What needs to be done: Your answer must be only the lines below from the one containing "Nonfiction Writing Power" through the one containing "Jet 2 plane", copied exactly, with the pictures left out.

Records shown:
......

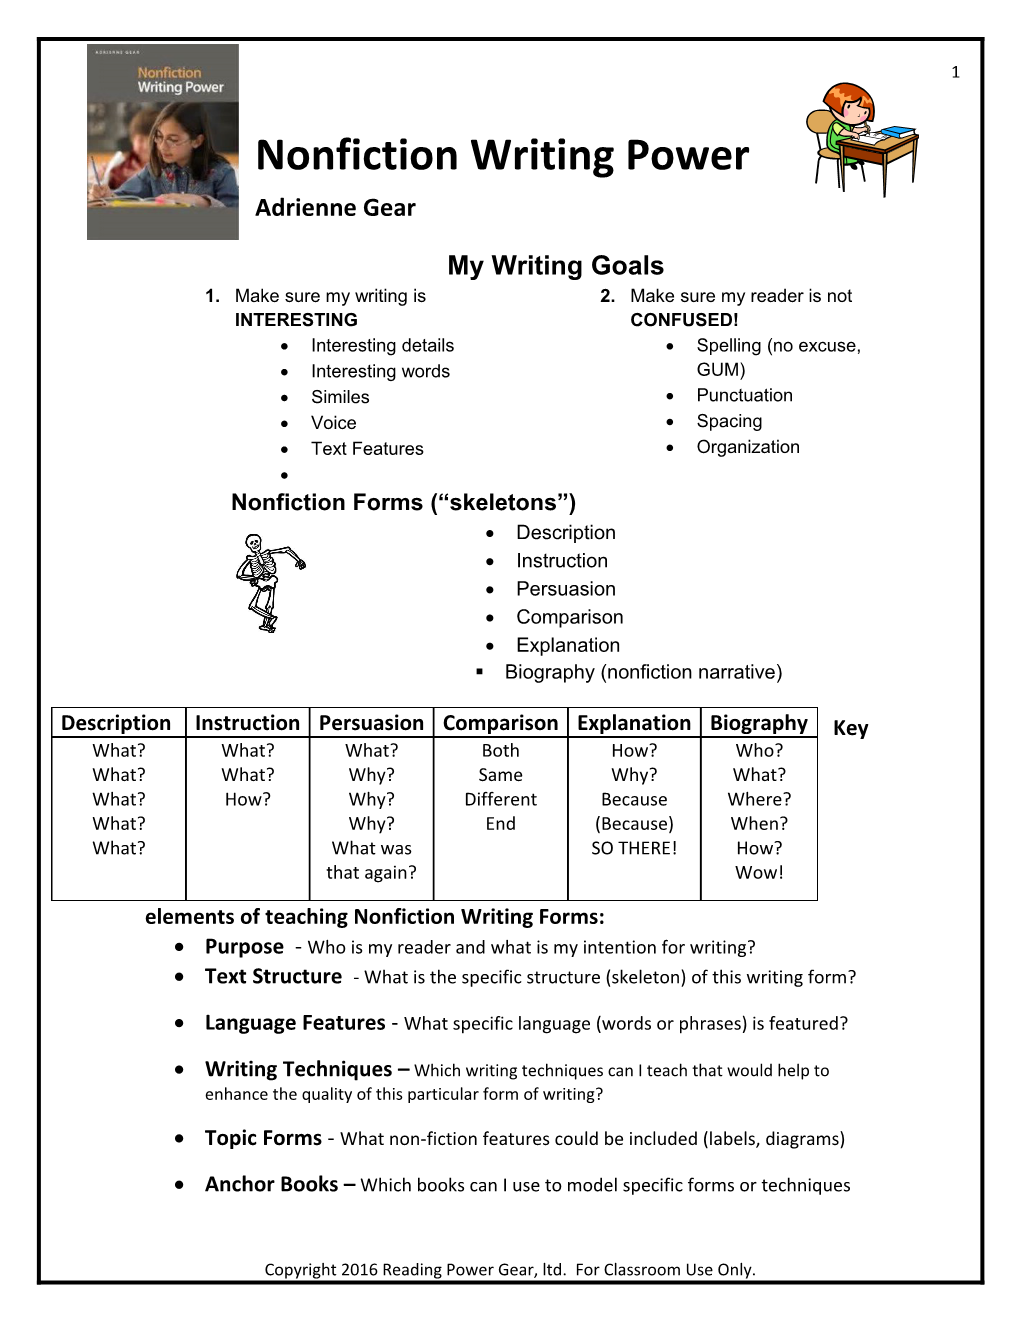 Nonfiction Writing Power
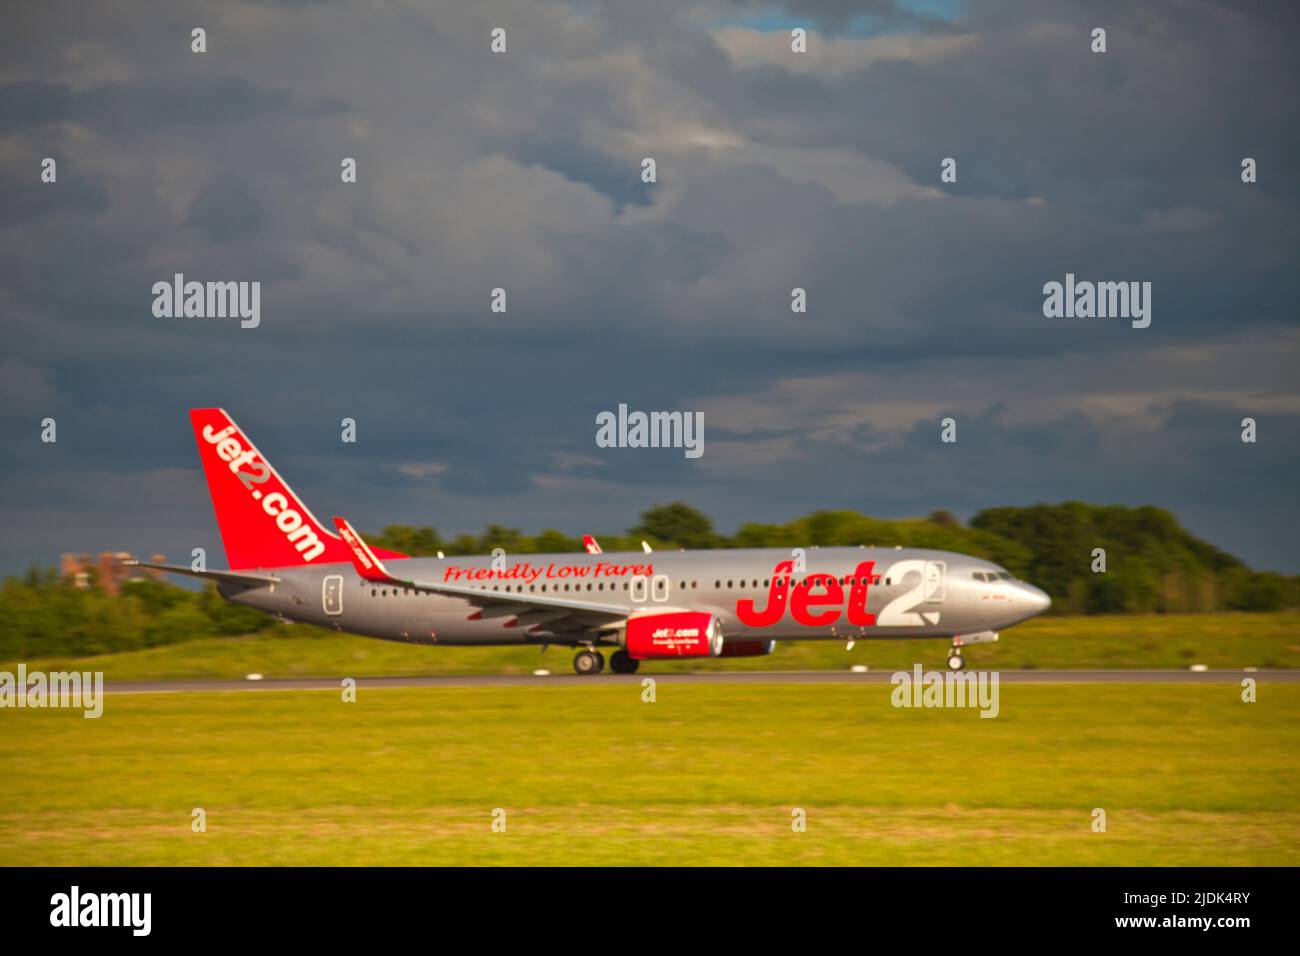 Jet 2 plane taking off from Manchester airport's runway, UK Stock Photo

......

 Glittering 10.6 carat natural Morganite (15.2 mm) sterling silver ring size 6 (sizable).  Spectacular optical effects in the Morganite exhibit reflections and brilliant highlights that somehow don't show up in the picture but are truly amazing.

......

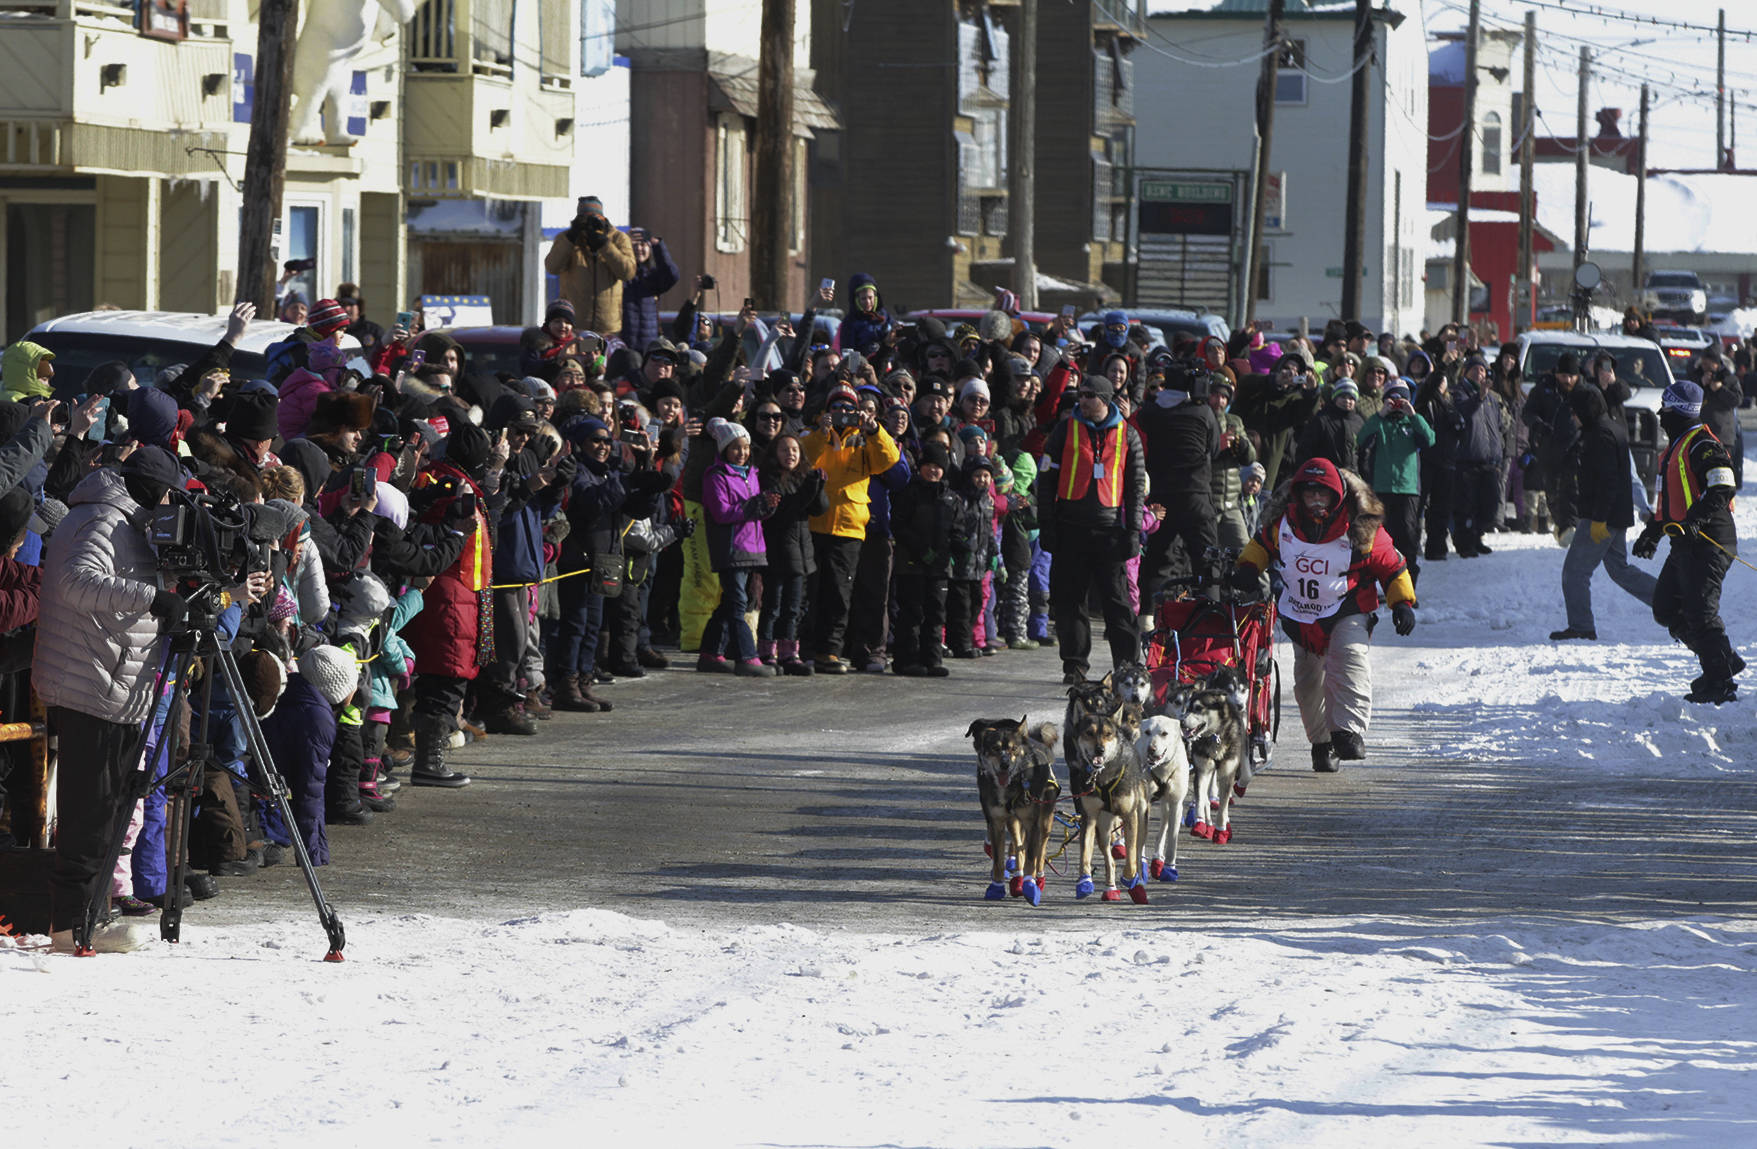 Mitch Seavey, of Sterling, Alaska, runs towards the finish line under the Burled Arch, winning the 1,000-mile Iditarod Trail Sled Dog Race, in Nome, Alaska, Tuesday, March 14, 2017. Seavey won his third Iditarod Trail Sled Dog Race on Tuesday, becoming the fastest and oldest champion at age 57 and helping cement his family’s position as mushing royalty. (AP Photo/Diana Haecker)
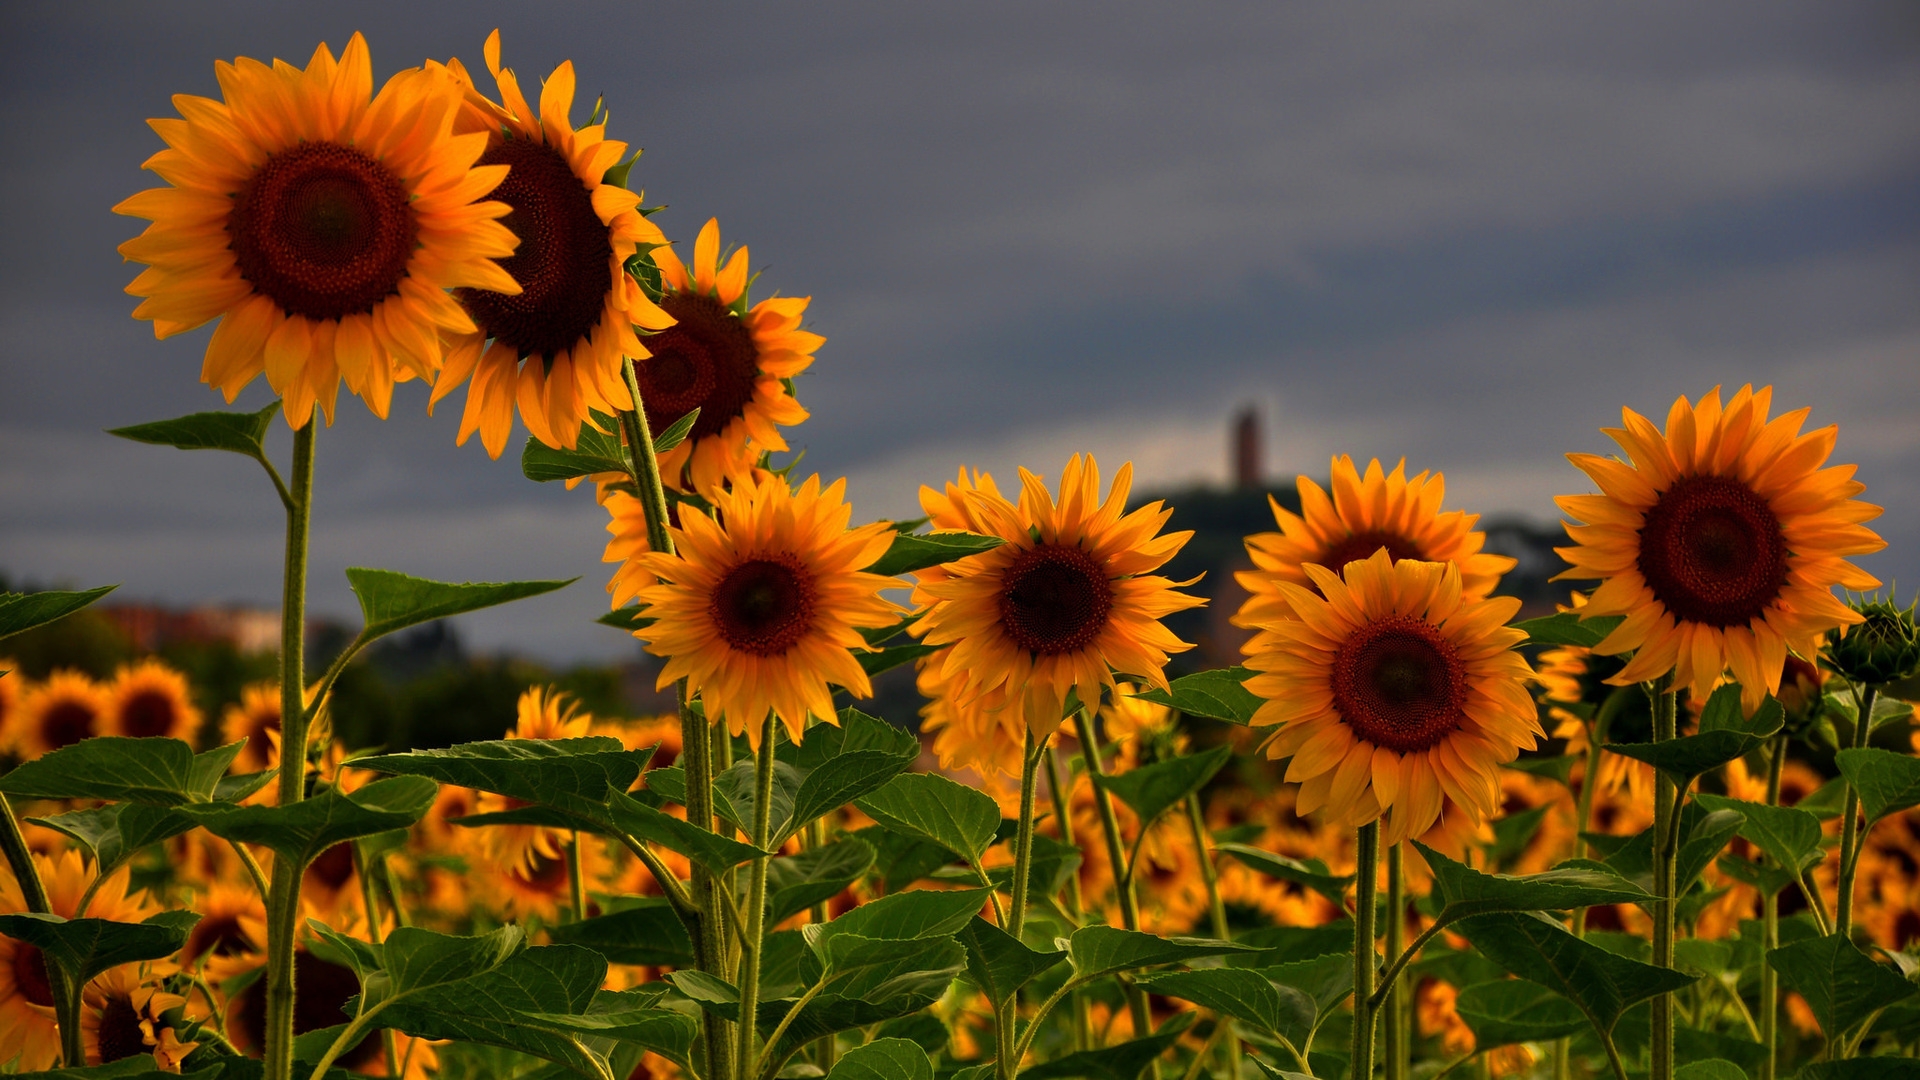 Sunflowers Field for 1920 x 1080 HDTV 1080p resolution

......

Answer to the exercise:
 Nonfiction Writing Power
 Jet 2 plane taking off from Manchester airport's runway, UK Stock Photo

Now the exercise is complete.